And so they kept going—asking the most random things: How did I make you feel that day? Do you like this about me or not? Did I ever annoy you? Do you think about me when you are alone?
Every answer would just offend the other. They would get jealous, start bickering and cursing at each other, and then ask me again and it would repeat.
***
“Are you guys fucking done asking?” I asked, my head hurting.
“Not yet,” Eun‑ha said sharply.
Her eyes didn’t leave Yeonhwa’s face.
“Yeonhwa, If you’re going to twist this into a contest, let’s not pretend,” she said. “Si‑woo.”
She looked back at me.
The next question was obvious.
“Who do you love more?” she asked. “Her or me?”
There it was.
Yeon‑hwa watched me too. Quiet. Waiting. Shadows around her ankles whispering in the snow.

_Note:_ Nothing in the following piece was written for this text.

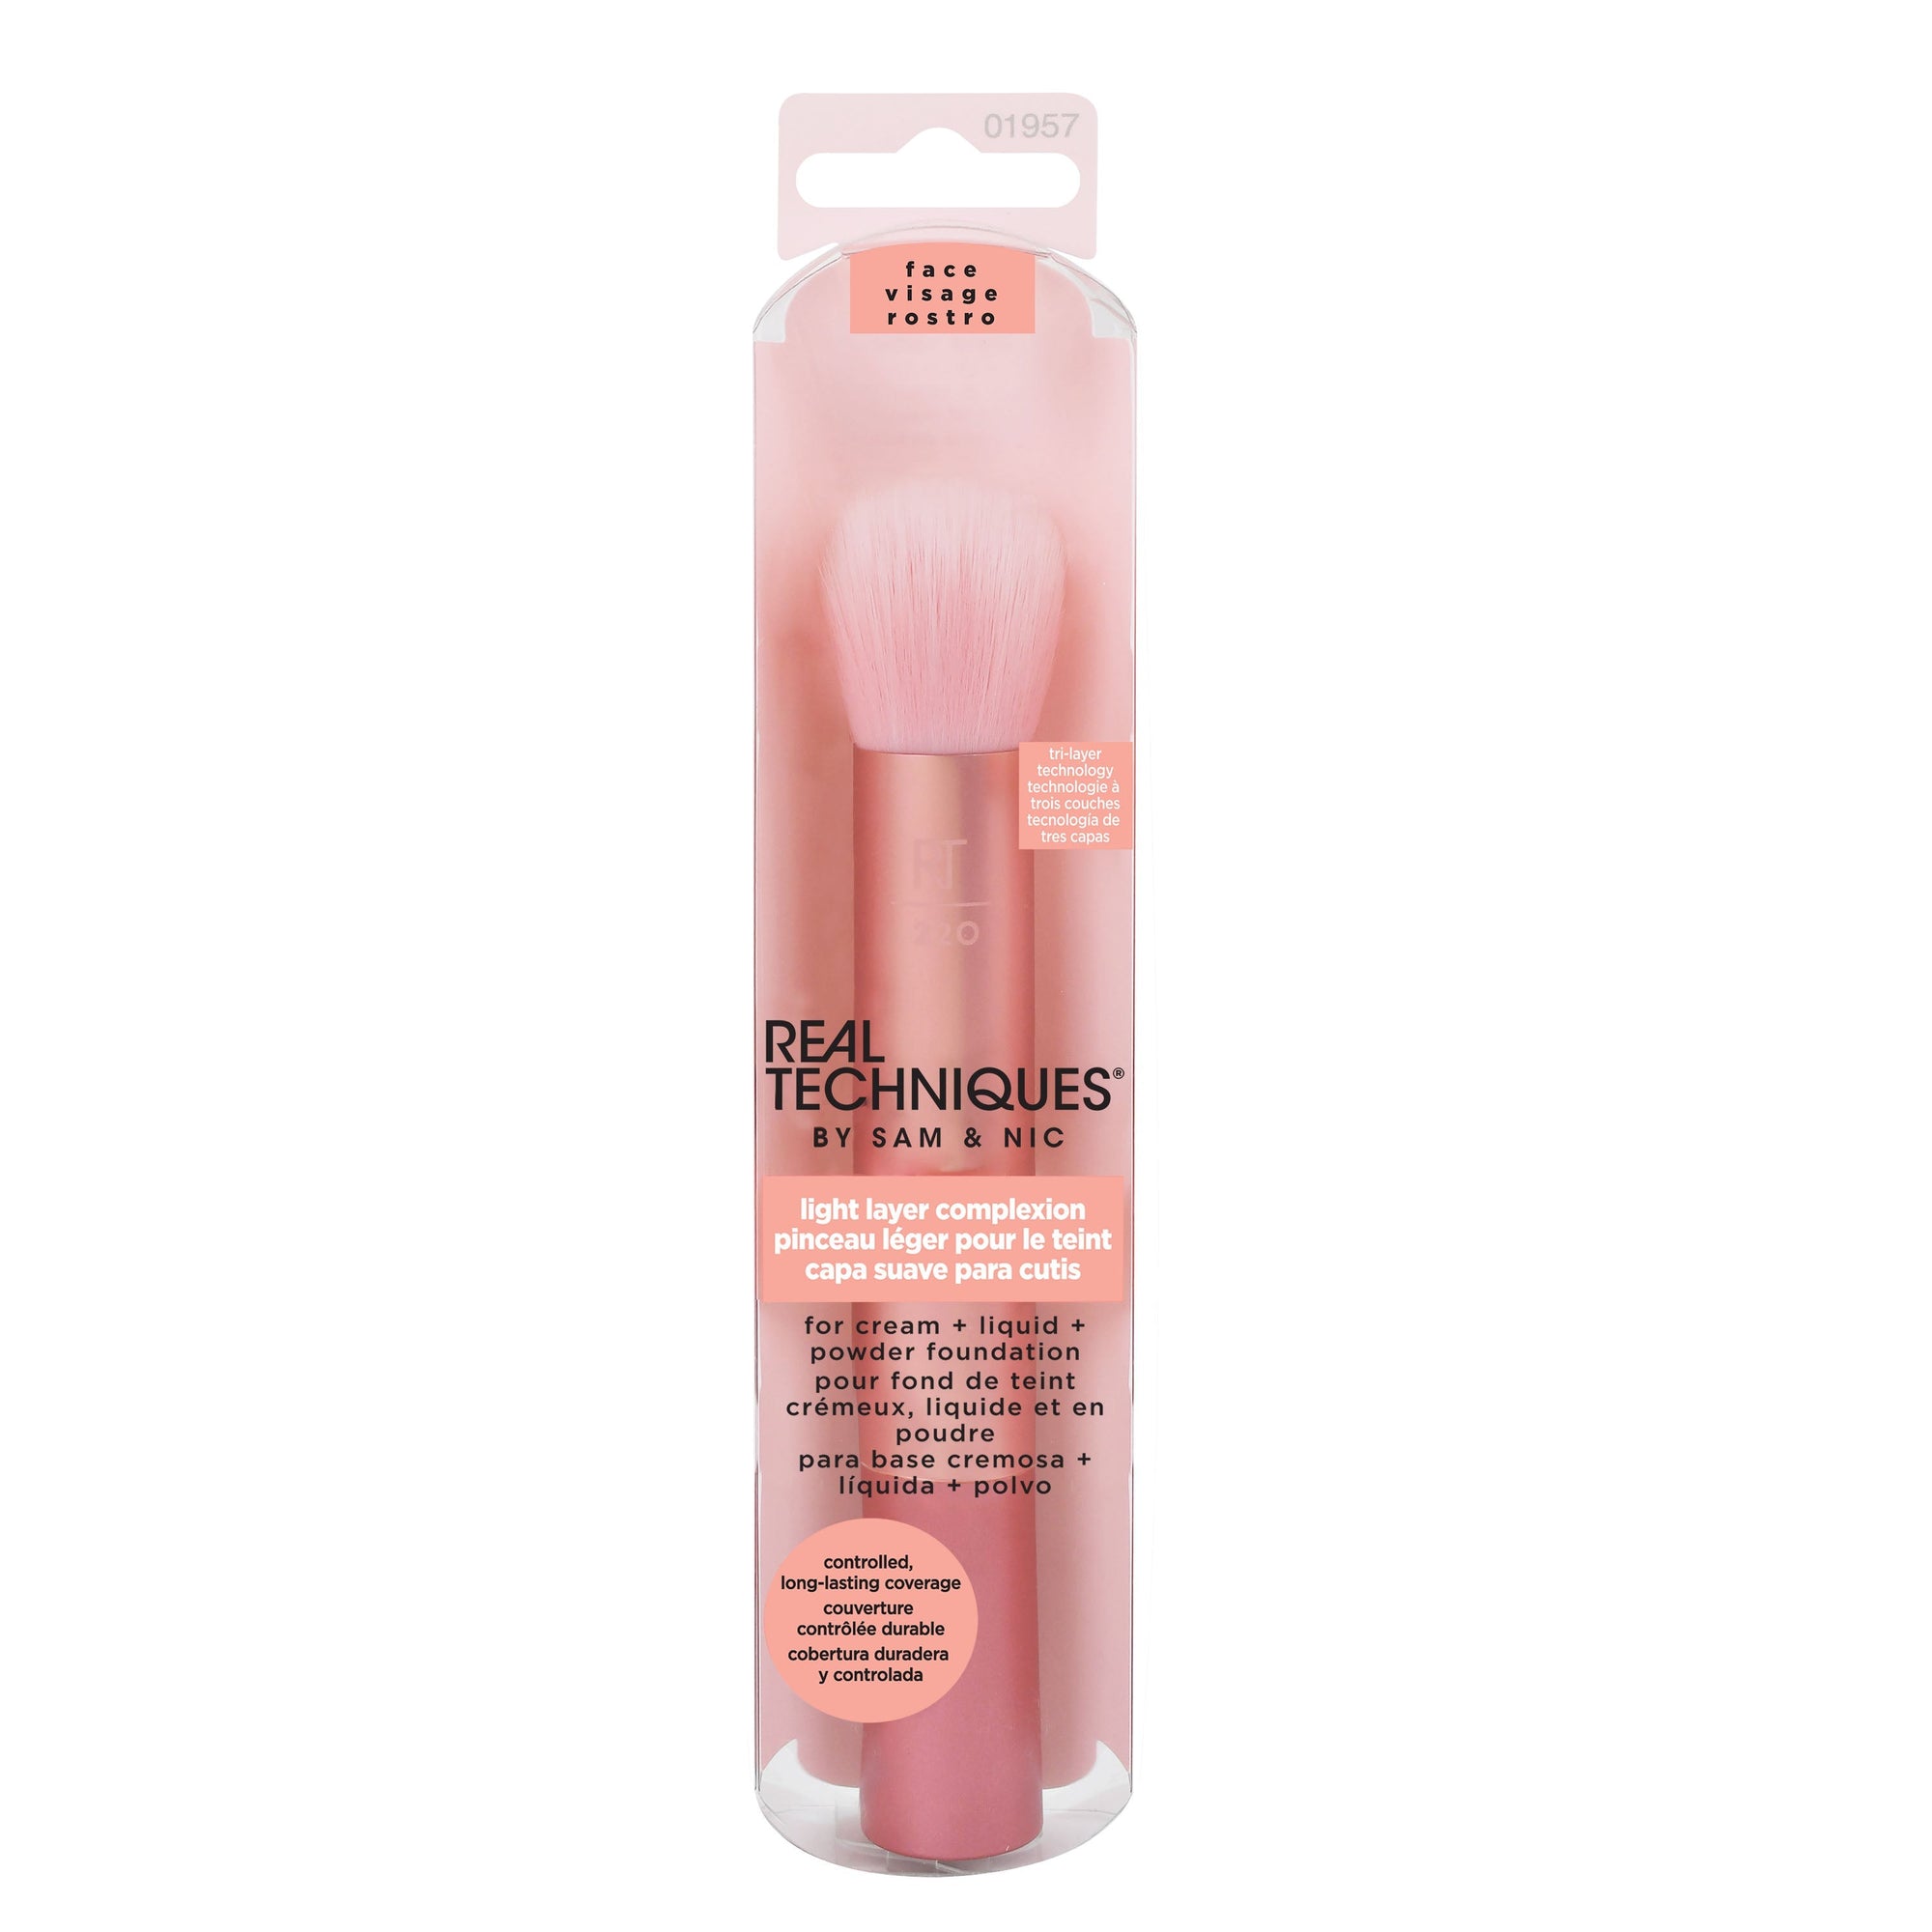 Real Techniques Light Layer Complexion brush

If I said one name, the other would explode.
If I refused to answer, they’d keep asking until one of them decided to kill me.
“Answer,” Eun‑ha said. “You held the stone. You said yes to both. Fine. Who more.”
The orb pulsed in my hand. Hungry.
I inhaled slowly.
“Neither,” I said.
Blue.
Both women froze.
“That’s impossible,” Yeon‑hwa said quietly.
“If he didn’t love either of us, the stone wouldn’t have turned blue before,” Eun‑ha said. "It's wrong."
“Somethings wrong,” Yeon‑hwa agreed. “Try again. Properly.”
They were united for once.
Against me.
“Pick one,” Yeon‑hwa said. “For real.”
“No,” I said.
Red again. The orb sizzled hot.
Pain bit into my palm.
The truth artifact, apparently, had decided that even my refusal counted as a statement: “I’m not choosing.”
And that that was a lie.
I didn’t want to know how.
“Again,” Eun‑ha said. “Her or me.”
“Why does it matter?” I asked, voice low. “You both heard what you wanted.”
“It matters,” Eun‑ha said, “because if he loves you more, I rip you out of this story now.”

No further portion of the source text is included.